- _Work required_
Pictures should be left out when the listing below is repeated word for word.

- _Given material_
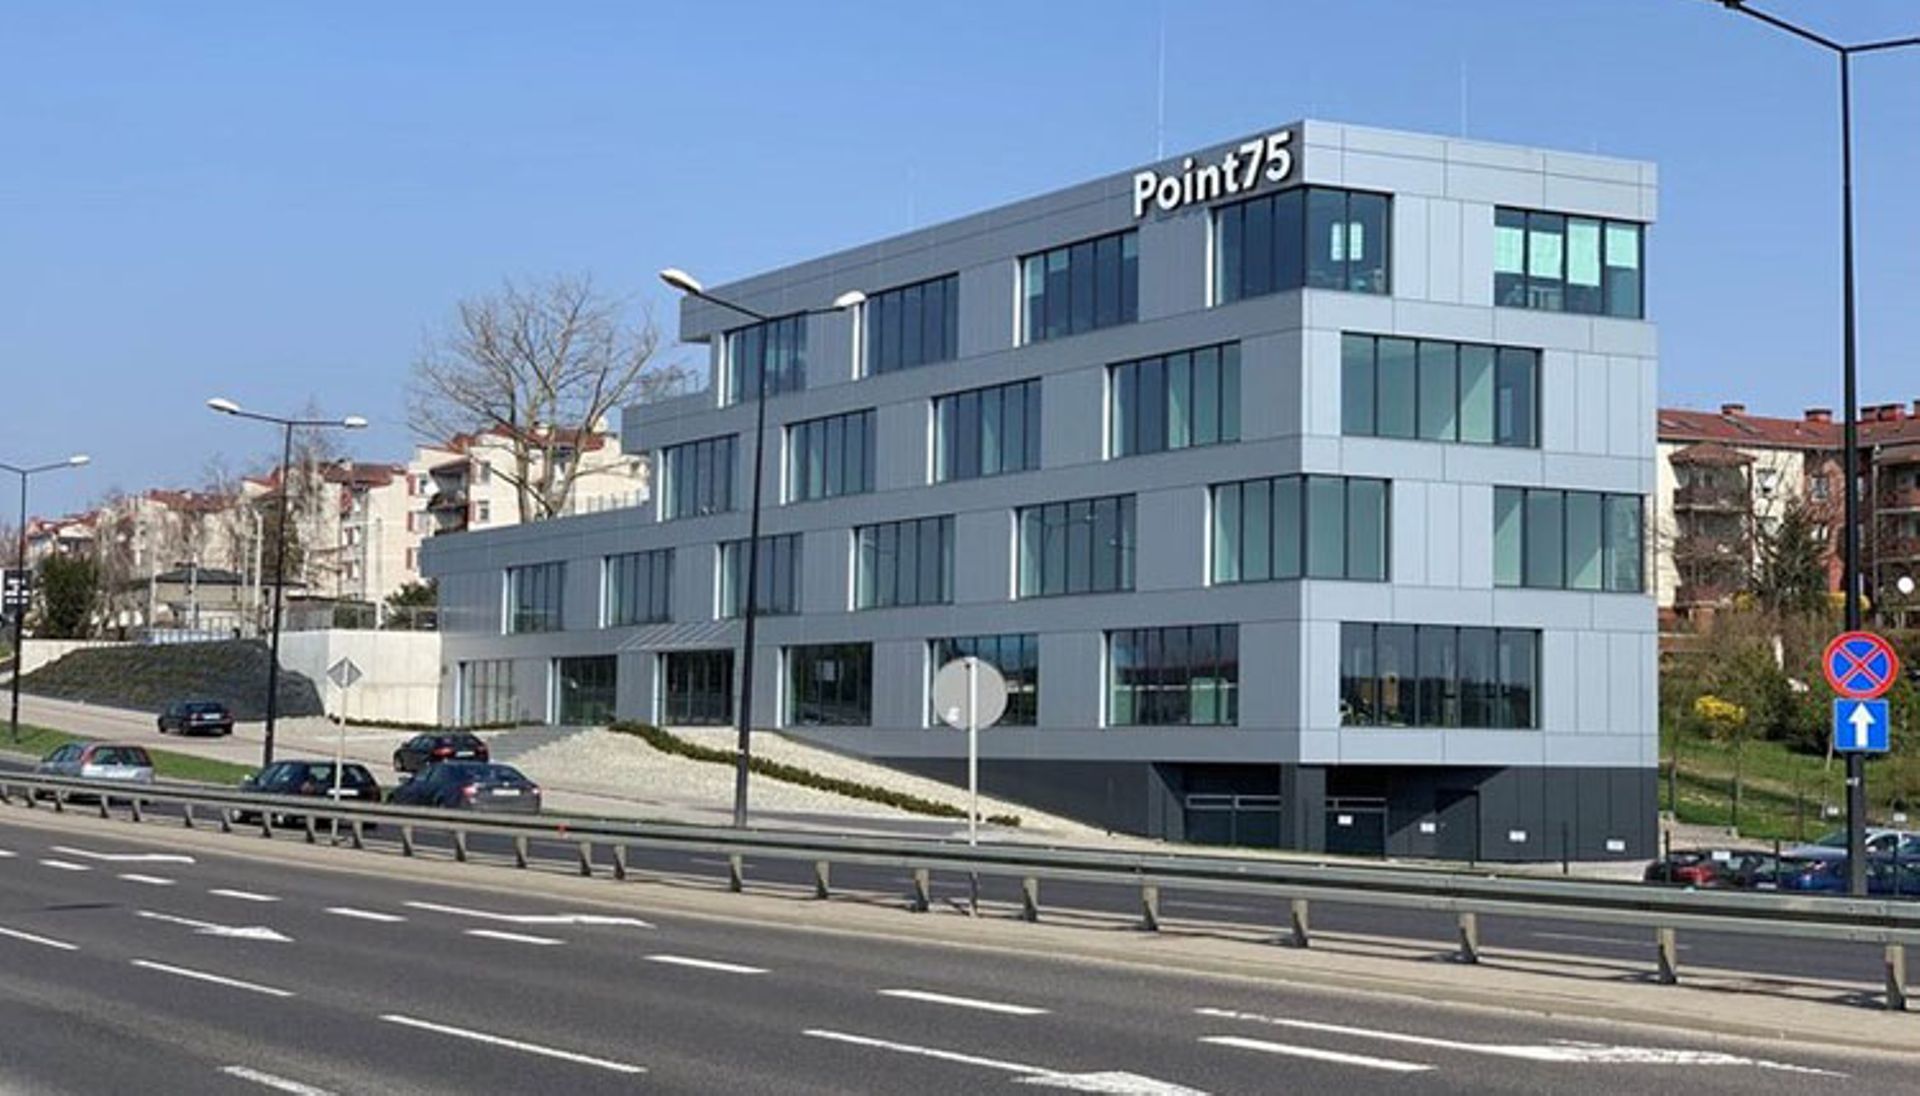  Strabag wynajął ponad 1000 mkw. powierzchni biurowej w budynku Point 75 w Lublinie
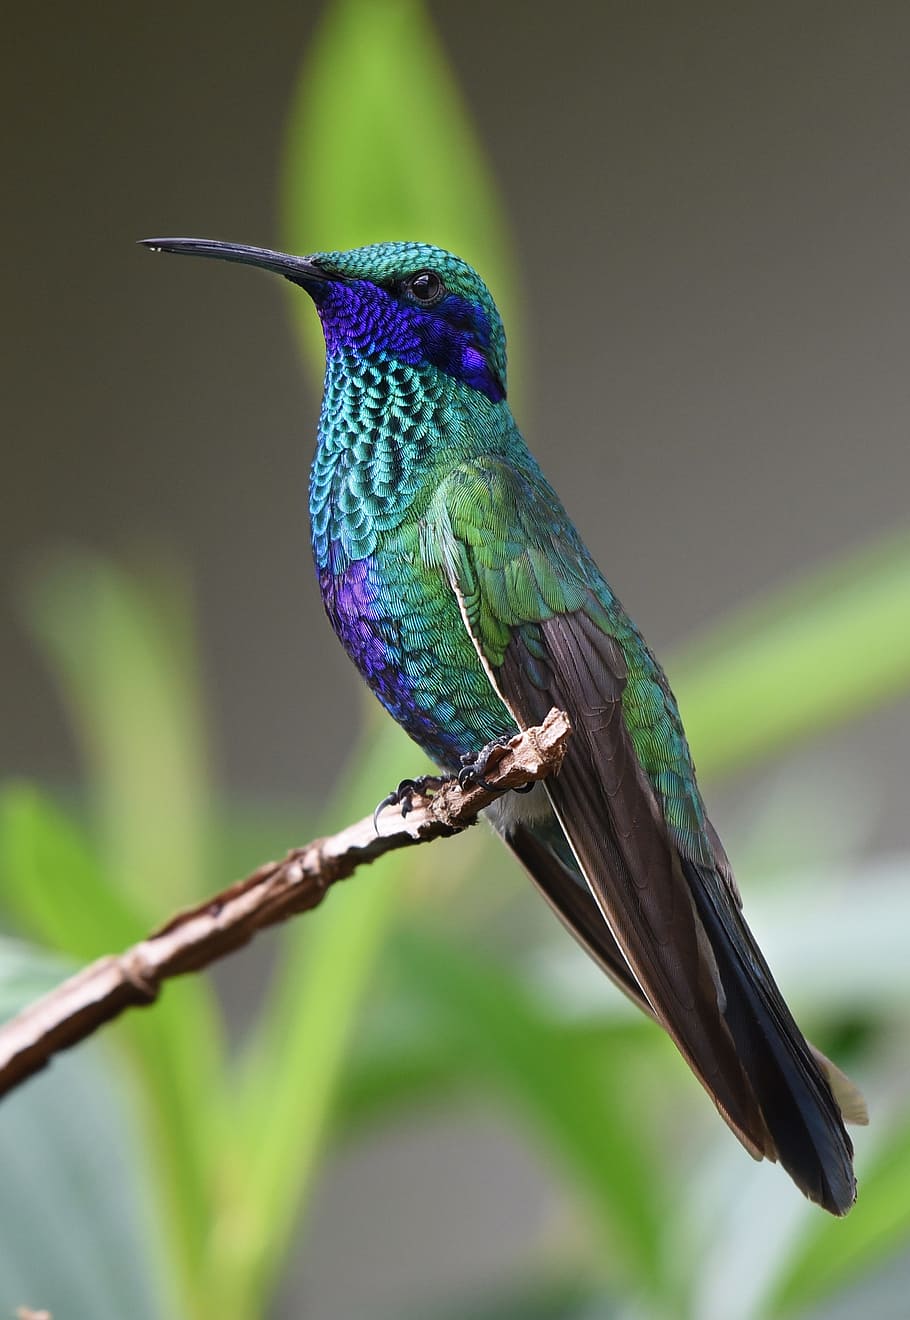 selectivo, fotografía de enfoque, magnífico, colibrí, pájaro, naturaleza, tropical, alas, animal, fauna silvestre
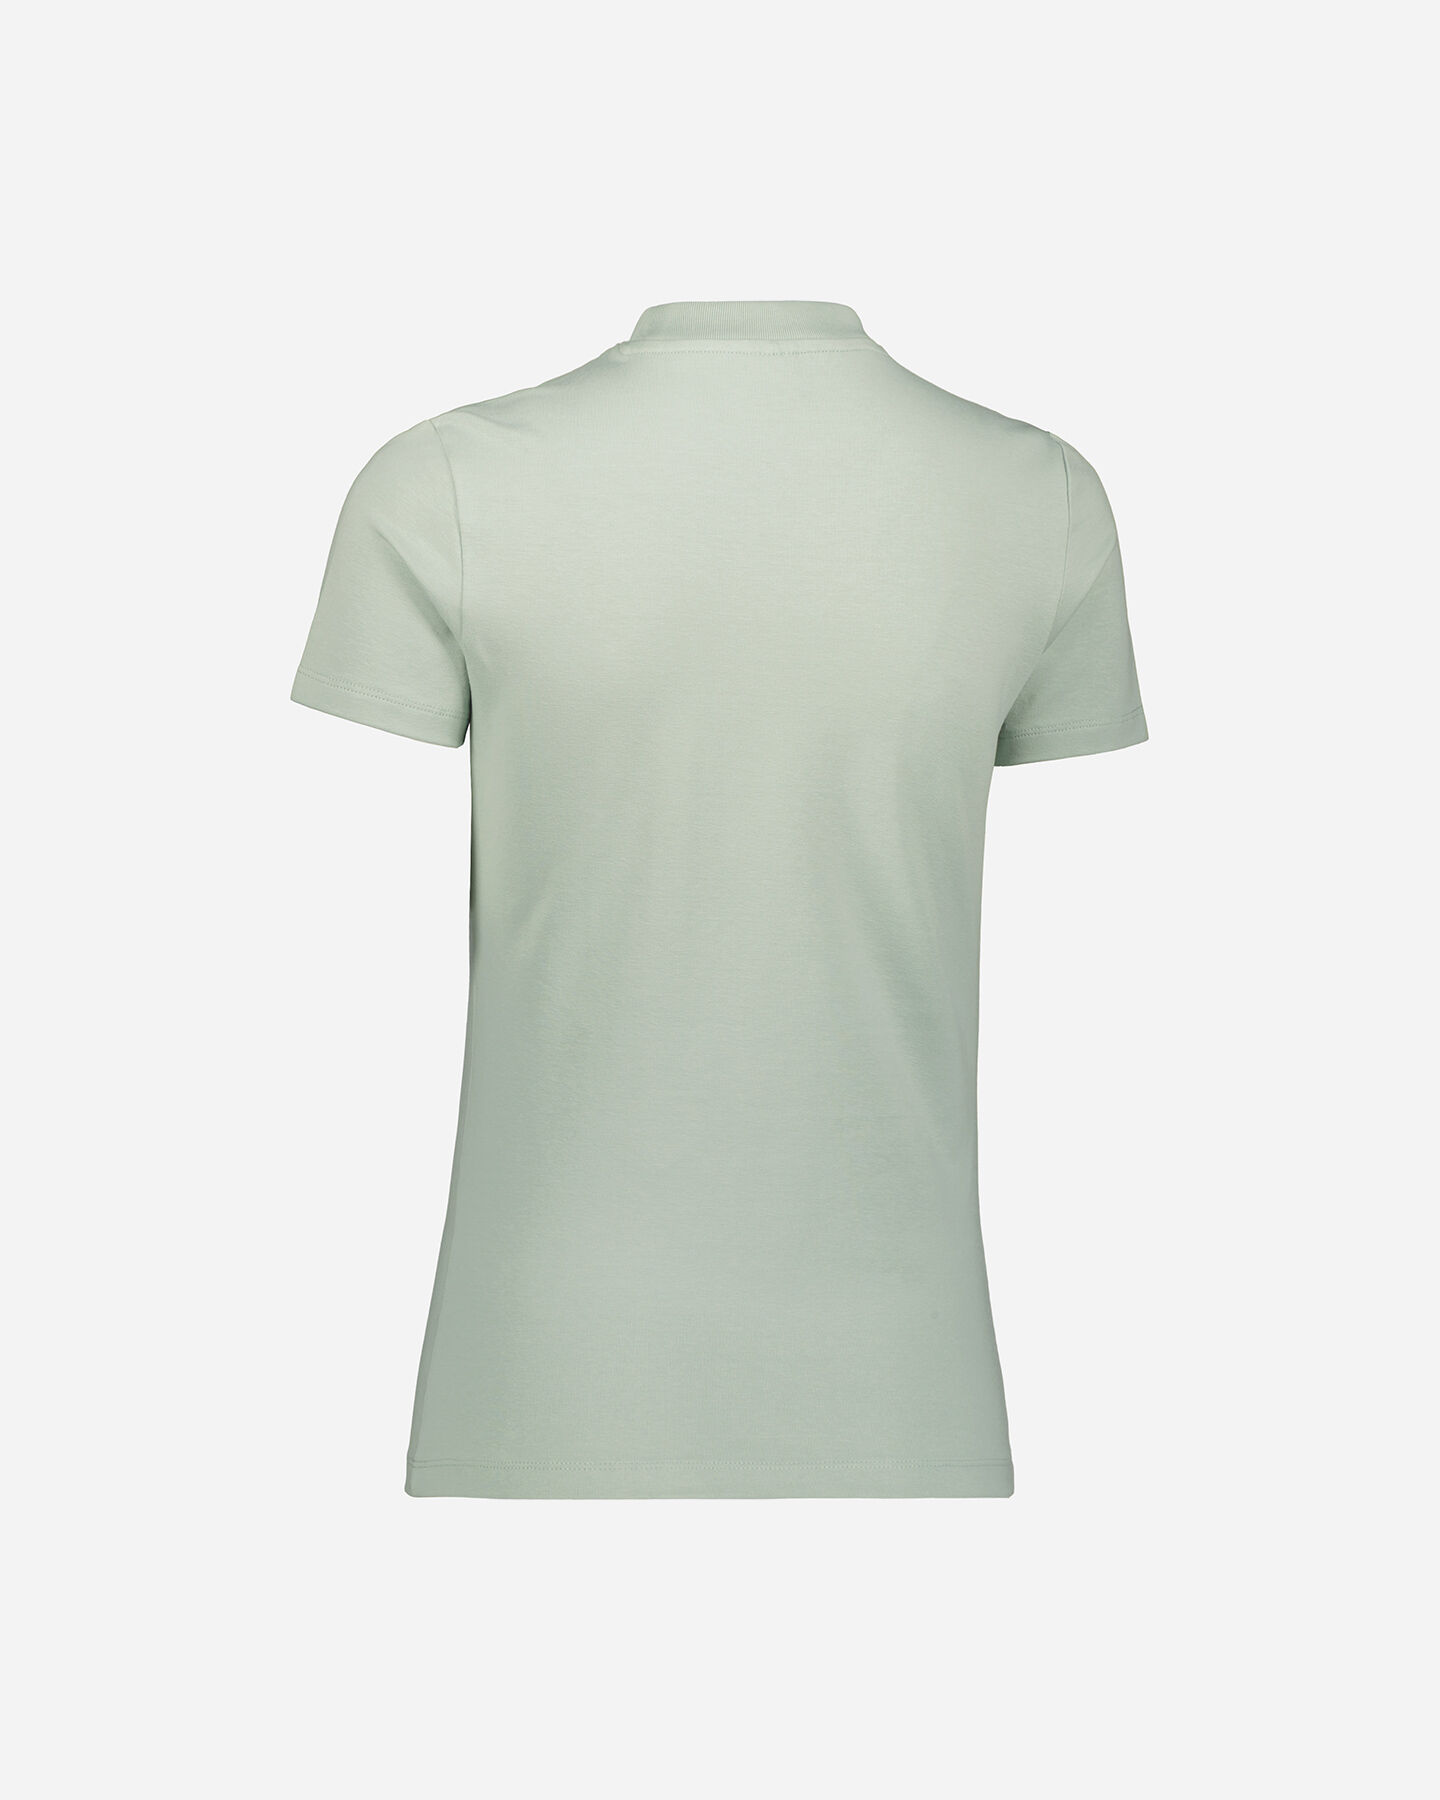  T-Shirt PUMA CONCEPT LOGO W S5615090|54|XS scatto 1

- _Solved problem_
  Strabag wynajął ponad 1000 mkw. powierzchni biurowej w budynku Point 75 w Lublinie
 selectivo, fotografía de enfoque, magnífico, colibrí, pájaro, naturaleza, tropical, alas, animal, fauna silvestre
  T-Shirt PUMA CONCEPT LOGO W S5615090|54|XS scatto 1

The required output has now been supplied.